ASSIGNMENT: Filter out all lines without the word "them" from the data below, please, and copy the rest.

DATASET ENTRIES:
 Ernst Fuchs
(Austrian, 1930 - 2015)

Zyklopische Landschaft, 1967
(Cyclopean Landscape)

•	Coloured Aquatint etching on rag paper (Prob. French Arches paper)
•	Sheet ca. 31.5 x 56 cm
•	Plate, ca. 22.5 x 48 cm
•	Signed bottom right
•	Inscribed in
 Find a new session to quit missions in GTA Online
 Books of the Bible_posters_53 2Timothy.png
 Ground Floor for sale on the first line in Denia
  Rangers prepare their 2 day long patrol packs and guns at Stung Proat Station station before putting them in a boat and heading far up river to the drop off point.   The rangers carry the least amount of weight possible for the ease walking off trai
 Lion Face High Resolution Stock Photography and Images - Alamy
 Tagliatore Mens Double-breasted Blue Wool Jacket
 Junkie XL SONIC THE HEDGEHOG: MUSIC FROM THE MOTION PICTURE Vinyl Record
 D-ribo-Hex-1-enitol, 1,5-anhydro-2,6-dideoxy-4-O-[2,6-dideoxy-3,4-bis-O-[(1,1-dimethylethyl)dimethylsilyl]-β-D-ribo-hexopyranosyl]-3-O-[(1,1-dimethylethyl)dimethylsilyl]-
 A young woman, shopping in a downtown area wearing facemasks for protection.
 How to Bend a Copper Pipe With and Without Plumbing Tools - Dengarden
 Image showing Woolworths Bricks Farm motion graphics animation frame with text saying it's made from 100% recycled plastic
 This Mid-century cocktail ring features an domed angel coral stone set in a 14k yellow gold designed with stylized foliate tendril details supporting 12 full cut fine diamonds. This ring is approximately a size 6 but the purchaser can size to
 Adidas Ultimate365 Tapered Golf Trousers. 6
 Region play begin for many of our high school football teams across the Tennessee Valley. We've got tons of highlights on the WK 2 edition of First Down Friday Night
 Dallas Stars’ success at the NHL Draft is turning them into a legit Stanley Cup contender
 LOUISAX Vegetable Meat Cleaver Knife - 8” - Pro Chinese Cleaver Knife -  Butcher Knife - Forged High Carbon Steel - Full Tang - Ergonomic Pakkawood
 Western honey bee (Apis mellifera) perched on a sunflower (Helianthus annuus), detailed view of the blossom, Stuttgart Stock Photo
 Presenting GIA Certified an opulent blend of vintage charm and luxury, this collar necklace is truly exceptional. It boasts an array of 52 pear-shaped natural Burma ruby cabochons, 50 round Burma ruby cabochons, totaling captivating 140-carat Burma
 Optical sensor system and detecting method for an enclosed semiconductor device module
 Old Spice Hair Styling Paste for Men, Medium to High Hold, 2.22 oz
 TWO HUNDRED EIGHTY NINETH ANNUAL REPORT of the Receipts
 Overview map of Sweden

REPLY:
  Rangers prepare their 2 day long patrol packs and guns at Stung Proat Station station before putting them in a boat and heading far up river to the drop off point.   The rangers carry the least amount of weight possible for the ease walking off trai
 Dallas Stars’ success at the NHL Draft is turning them into a legit Stanley Cup contender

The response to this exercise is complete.